The saga of my sister and Citizens Bank’s dubious sense of responsible and responsive banking received coverage in today’s Wallet Pop.

Under the headline “Bank robs customer: a cautionary tale,” writer Geoff Williams succinctly and fairly lays out the sequence of events. Like a penny doubled, or a snow rolling downhill, this could be the start of an interesting PR “situation” for Citizens Bank. After all, Wallet Pop is owned by AOL, a fairly significant media player that you may have heard of. What I especially appreciate is that the story is filed under two categories: “banks” and “ripoffs and scams.”

Stay tuned. [Update as of 3 pm Central, June 19th: after the Wallet Pop item was headlined on AOL’s home page, the number of reader comments surged from three to 300 in less than eight hours. Most chronicled their own beefs with banks, including Citizens Bank.]

As of August 2022, the story was online—in abbreviate form–at Yahoo Finance, under the headline, “Bank robs customer: a cautionary tale.”

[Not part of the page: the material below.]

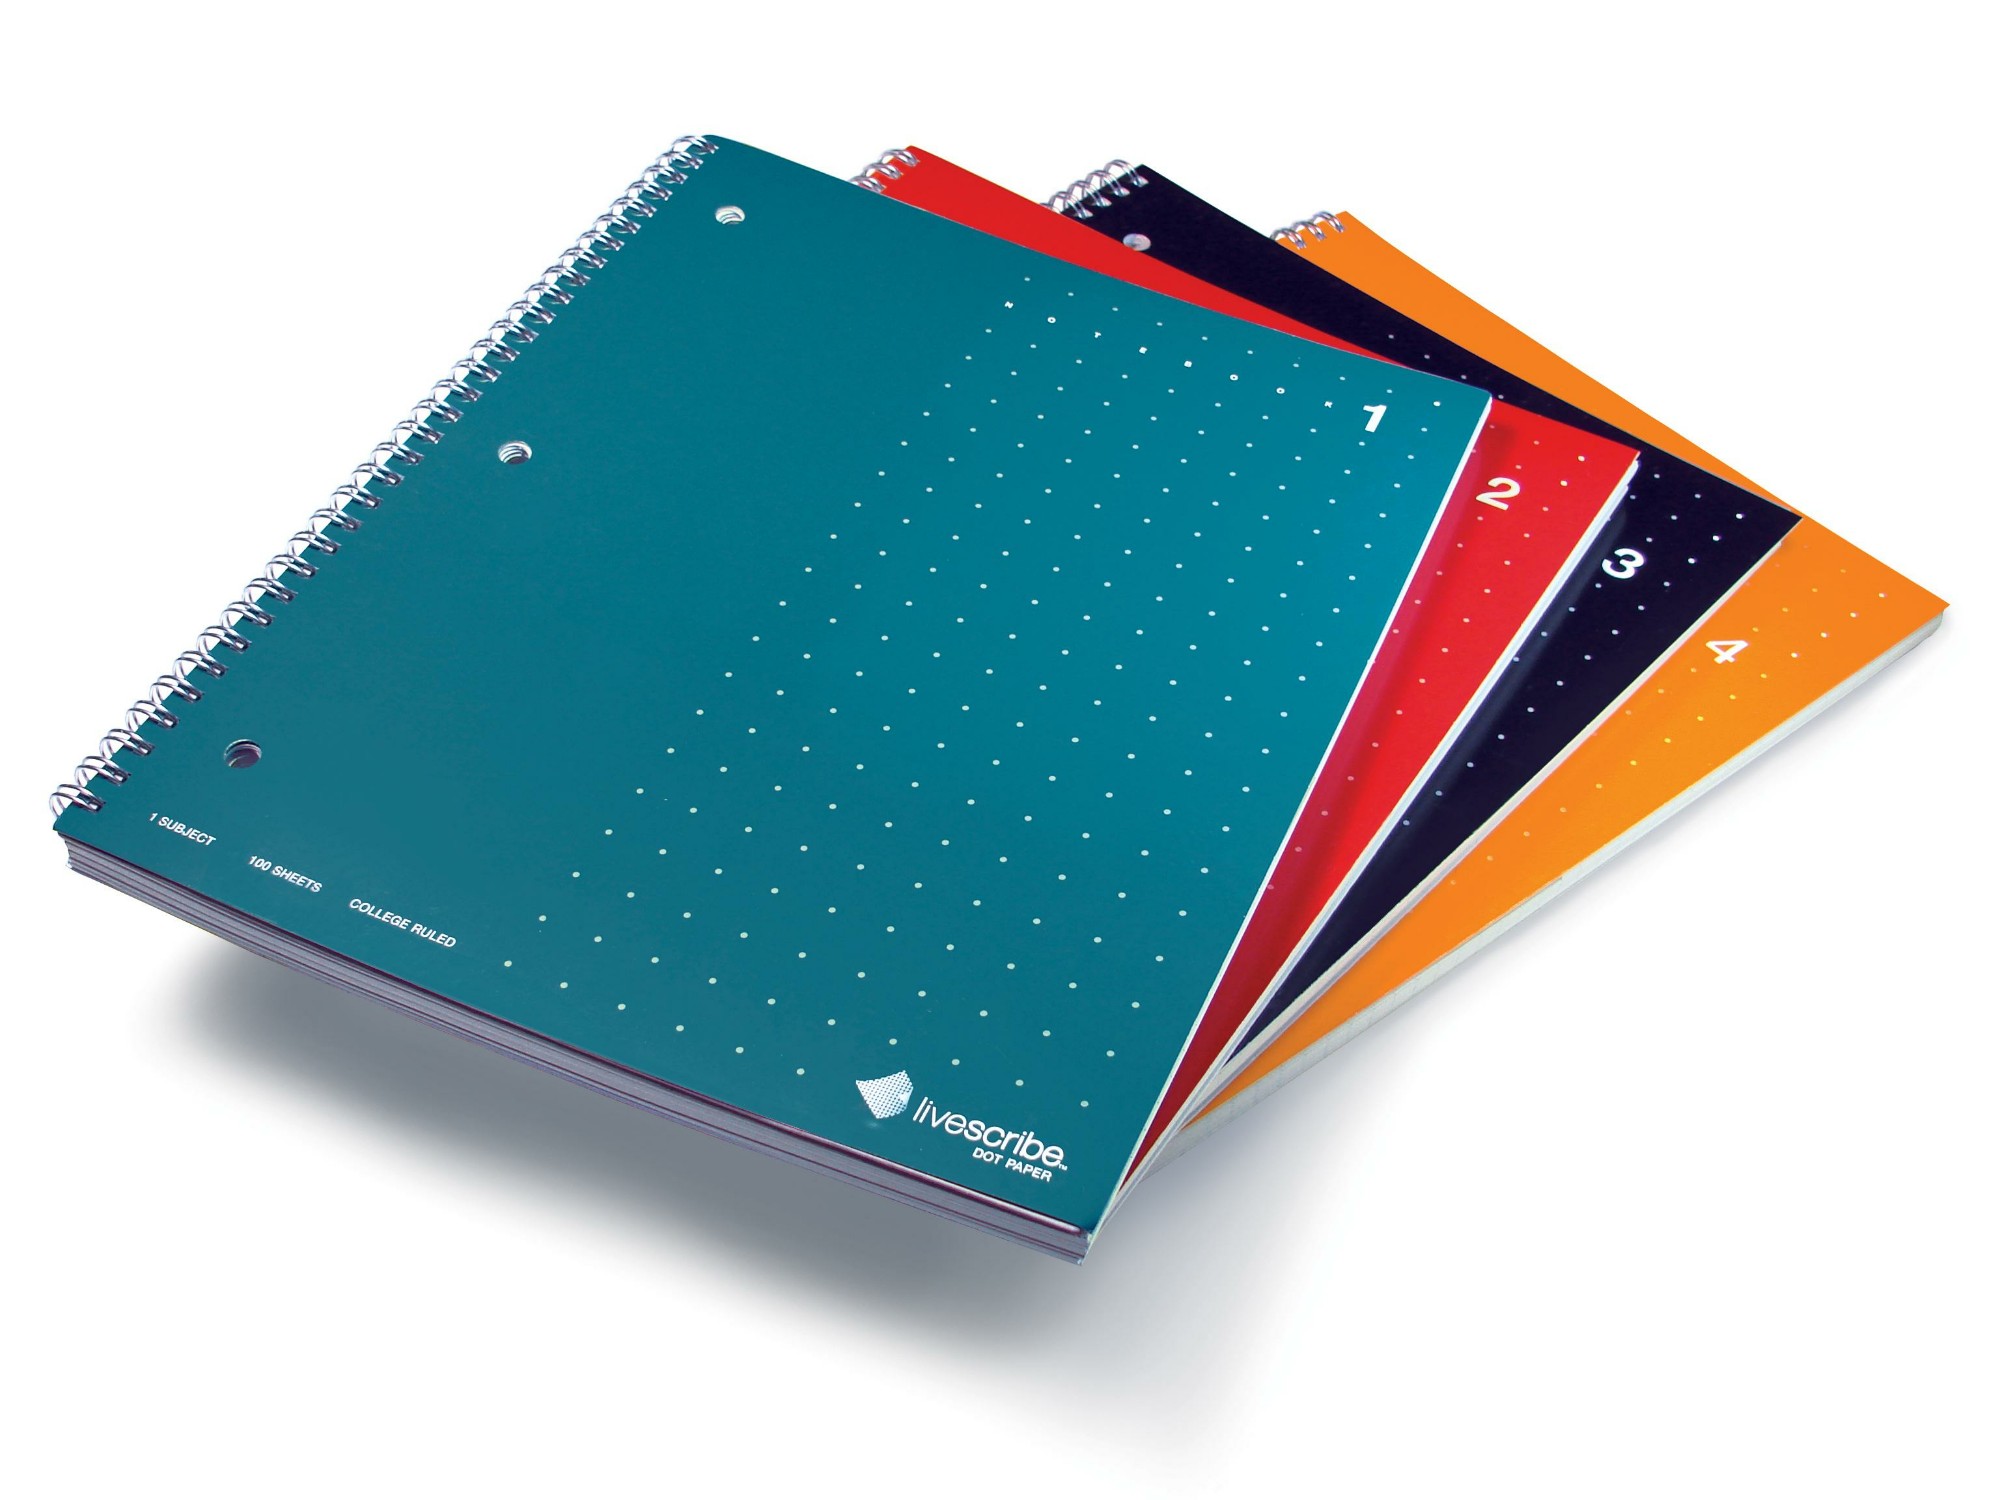 Livescribe ANA00017 writing notebook 100 sheets Black, Blue, Orange, Red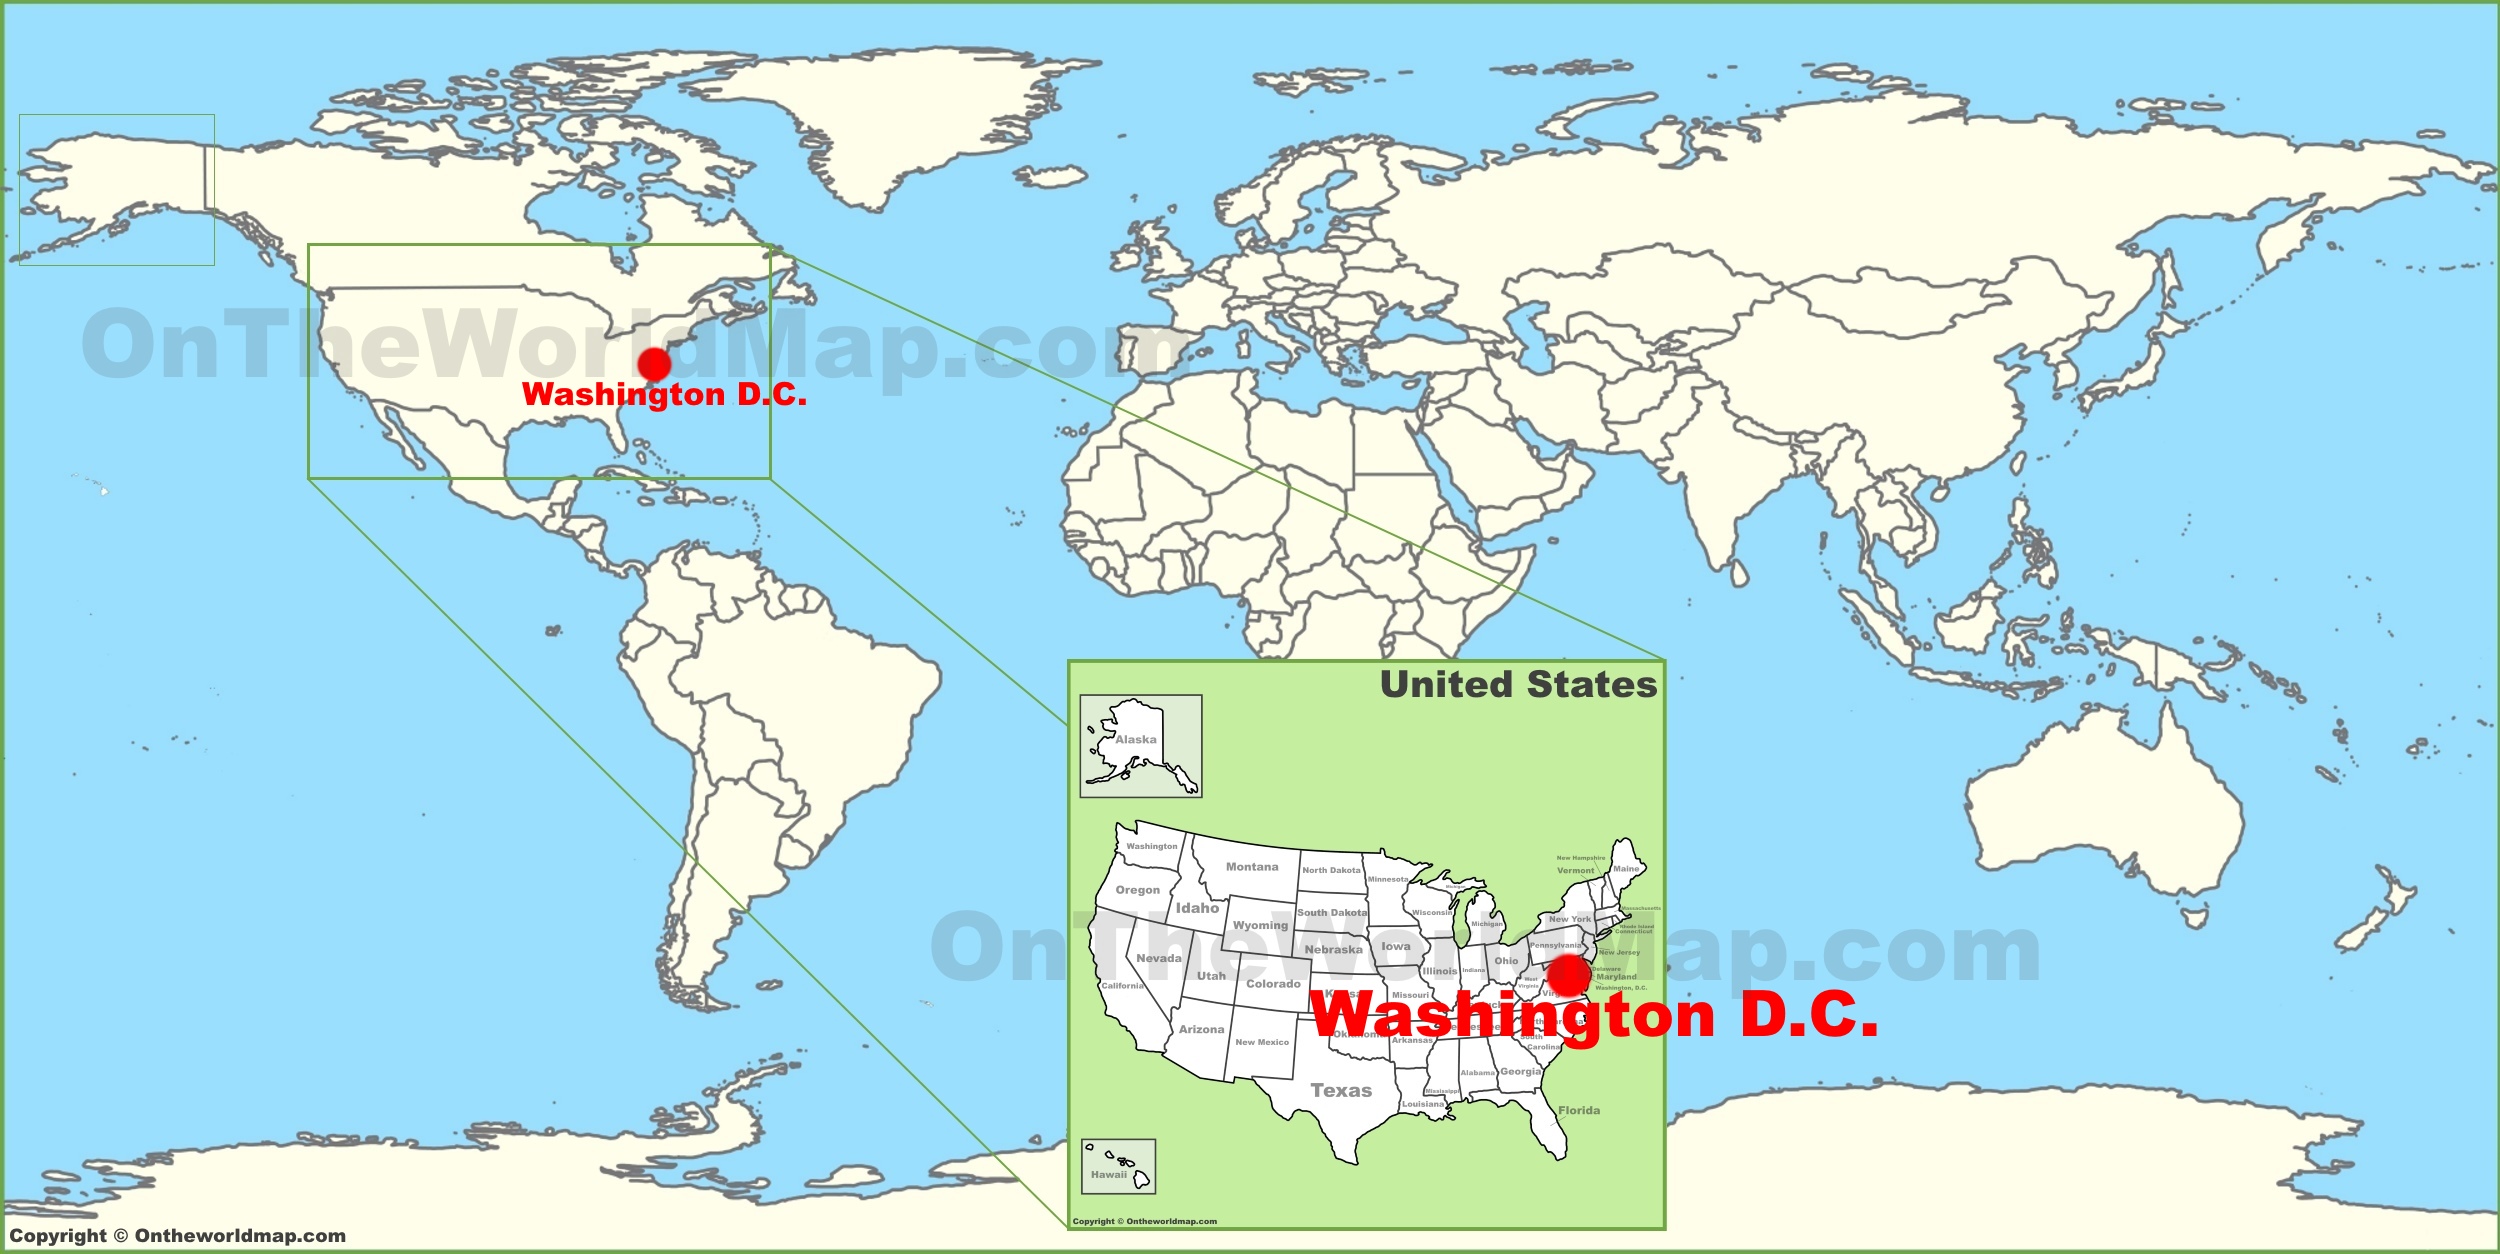 Washington D C On The World Map

Here’s that shorter version:

Americans spend billions of dollars in bank fees every year, and at least one customer, Judith Tremblay, is a little irritated about it. She has good reason. She’s been stewing over and trying to fix what she feels is an injustice for over a year now.

Tremblay, 43, had been a customer at Citizens Bank for 12 years when she noticed a monthly fee on her and her husband’s bank statement. She asked her spouse about it, and he replied that he assumed it was a standard charge that they had to pay. After all, it was there every month.

Curious, Tremblay called the branch near her Salem, New Hampshire home and learned that the $17.50 monthly fee was an error. Because they had something called Circle Gold Checking, the Tremblays were supposed to be exempt from the fee. But instead, the $17.50 had gone unnoticed.

When Tremblay asked for her money to be returned, she learned that she could, indeed, get a refund — but only for the last three months: $52.50.